#### PROBLEM:
An exact copy of all the data, minus the images, is required.

#### SOURCE MATERIAL:
= Beginning of Section =

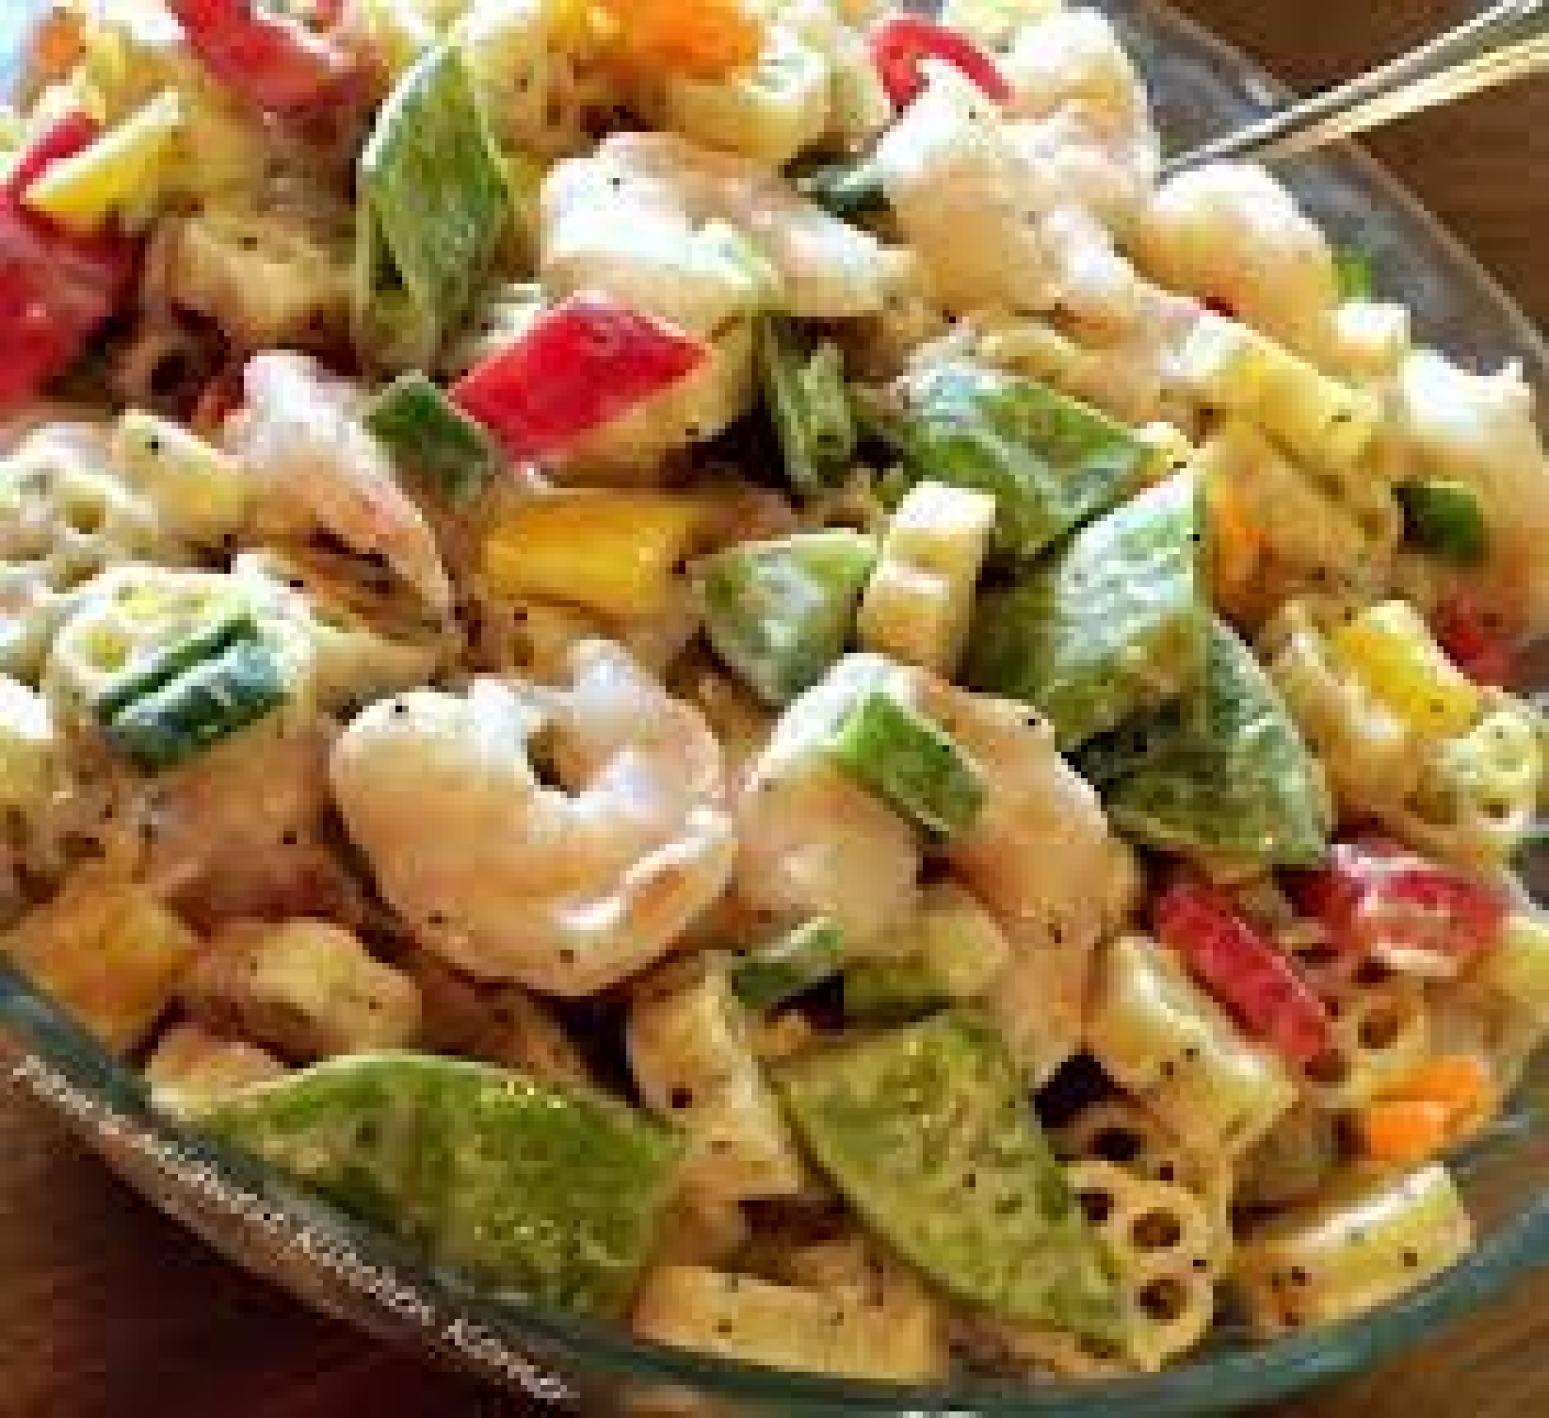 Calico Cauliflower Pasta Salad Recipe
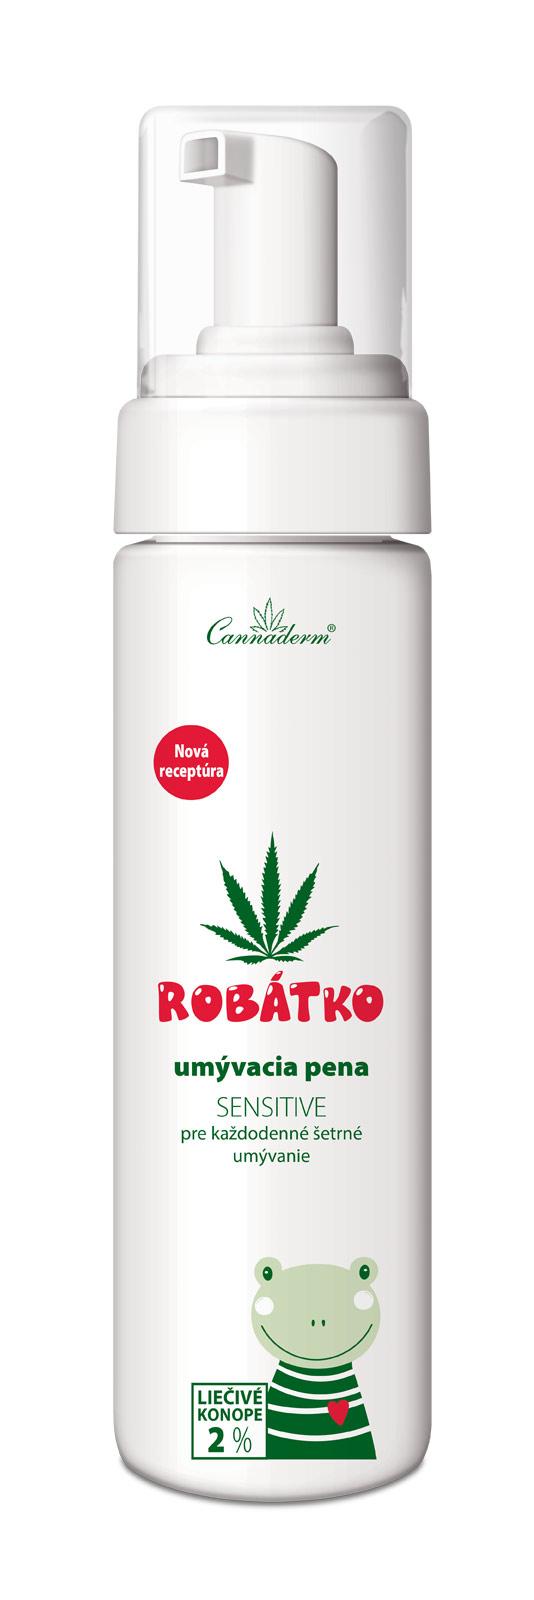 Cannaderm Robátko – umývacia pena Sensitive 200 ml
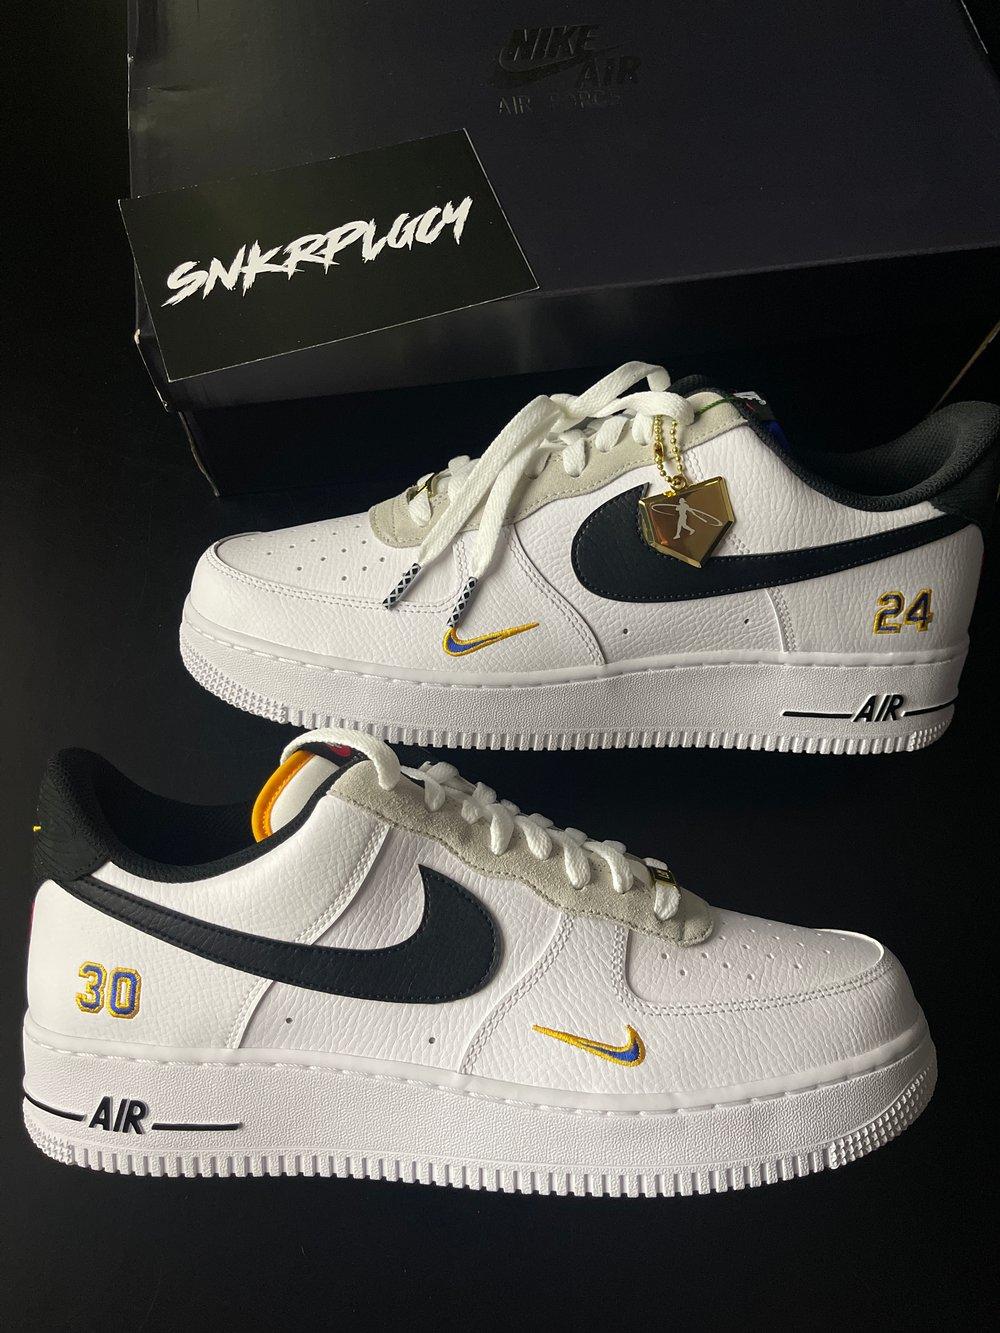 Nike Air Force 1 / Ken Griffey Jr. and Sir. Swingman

= End of Section =

#### THE ANSWER:
 Calico Cauliflower Pasta Salad Recipe
 Cannaderm Robátko – umývacia pena Sensitive 200 ml
 Nike Air Force 1 / Ken Griffey Jr. and Sir. Swingman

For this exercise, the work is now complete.